Model Testing and Numerical Simulations of Seakeeping Performance for High-Speed Vessels

摘要

Given the need to support the long distance deployment of men and material, the US Navy has been exploring the engineering limits and capabilities of open ocean operation for high-speed ships. Of great concern are the risks associated with: Ship Motions - Human Factors''' Ship Dynamic Stability and Manoeuvring Ship Dynamic Loads In order to address these risks, an initial assessment of design tools has been be carried out under the auspices of the Office of Naval Research. The initial goal of this effort was to determine the current state of the art in predicting ship motions of high-speed ships.
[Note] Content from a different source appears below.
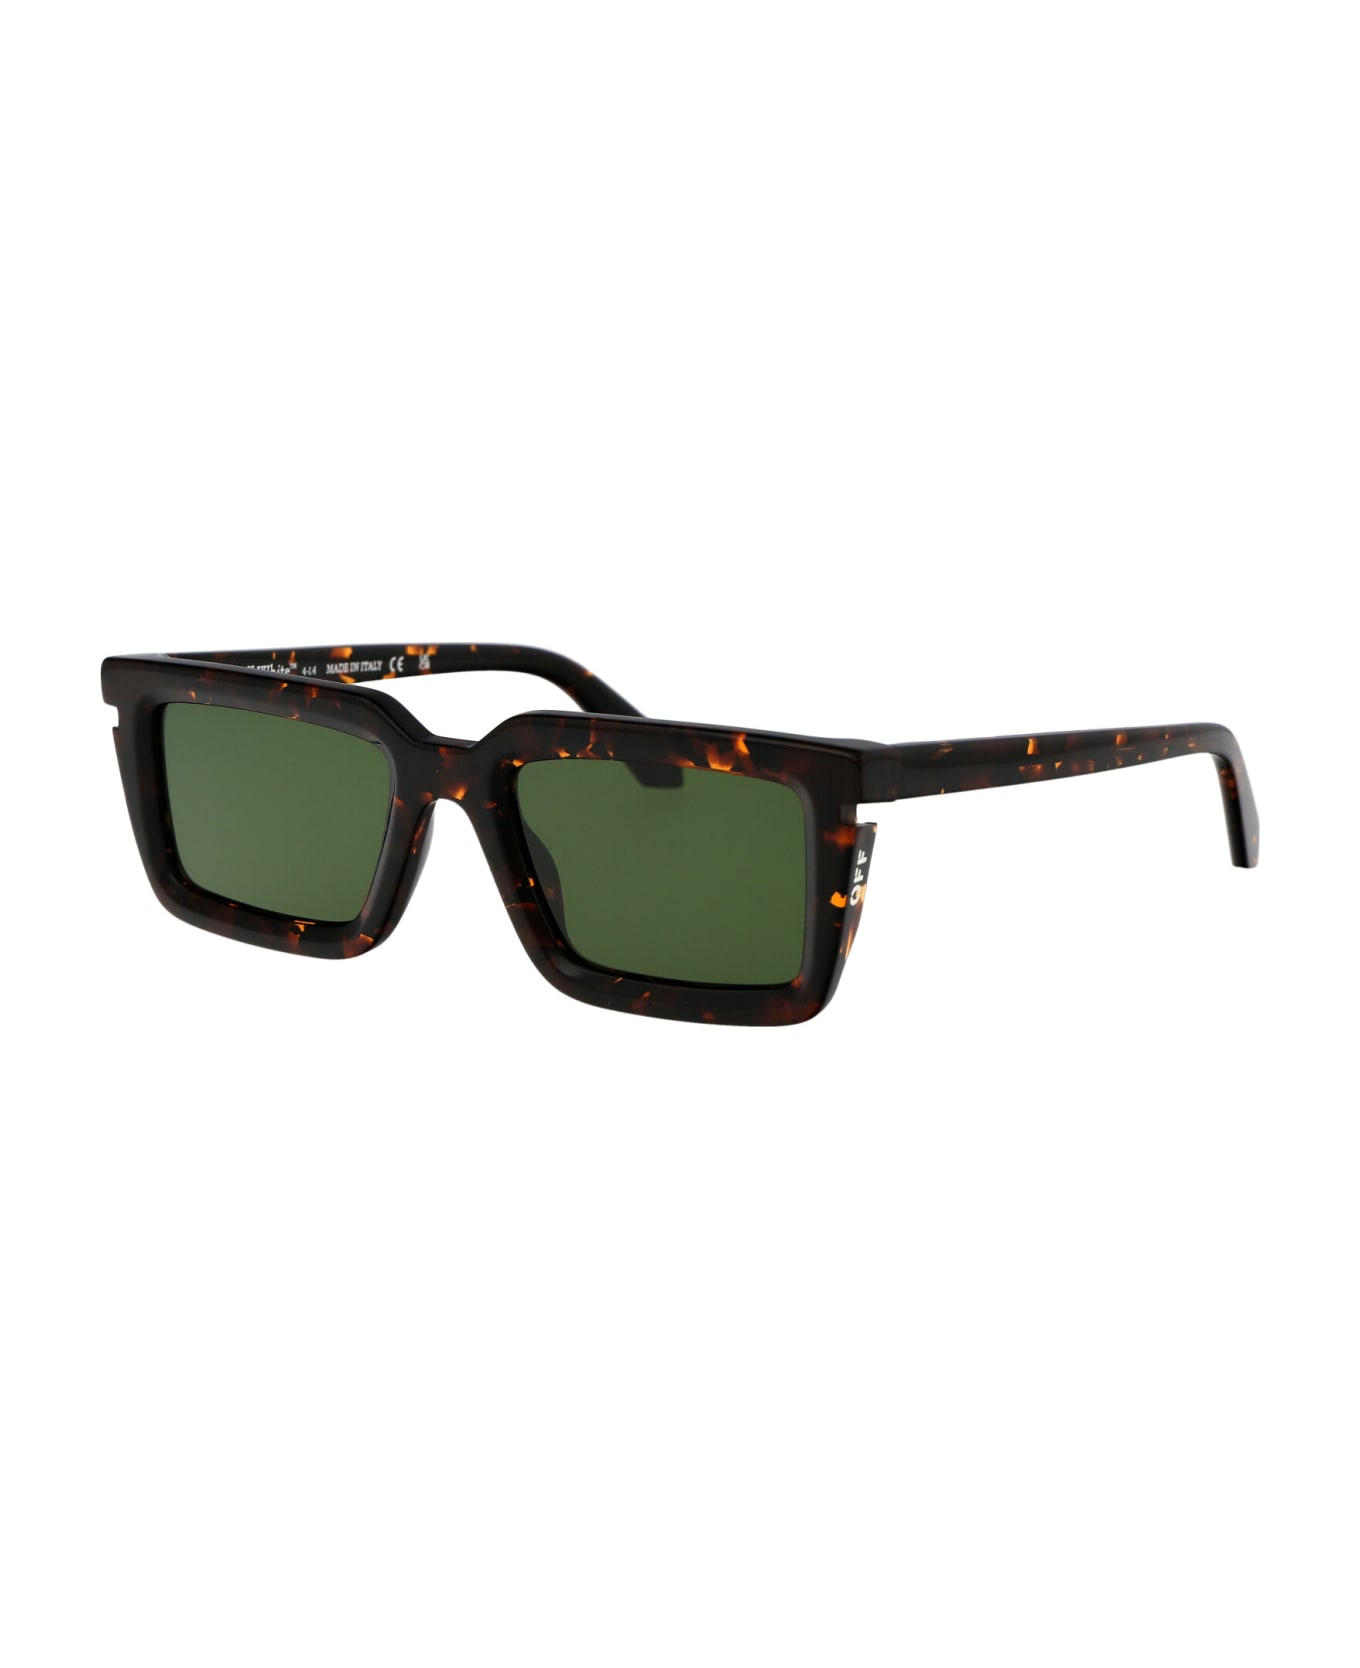 Off-White Tucson Sunglasses - 6055 HAVANA

Under this initiative, the ship motions and loads prediction program, Large Amplitude Motions Program (LAMP), has been evaluated. This program is a time-domain simulation model specifically developed for computing the motions and loads of a ship operating in extreme sea conditions. In order to perform these simulations, LAMP uses a time stepping approach in which all of the forces and moments acting on the ship are integrated in the time-domain using a 4th-order Runge-Kutta algorithm. Specific account of those forces due to the wave-body interaction, appendages, control systems, and green- water-on-deck, are included in the computation at each time step and the 6- degree-of-freedom (DOF) equations of motions. Using the LAMP suite of programs, numerical predictions were made and compared with two sets of model test data. Included among the comparisons were predictions for pitch, roll and heave acceleration in both head and oblique sea conditions.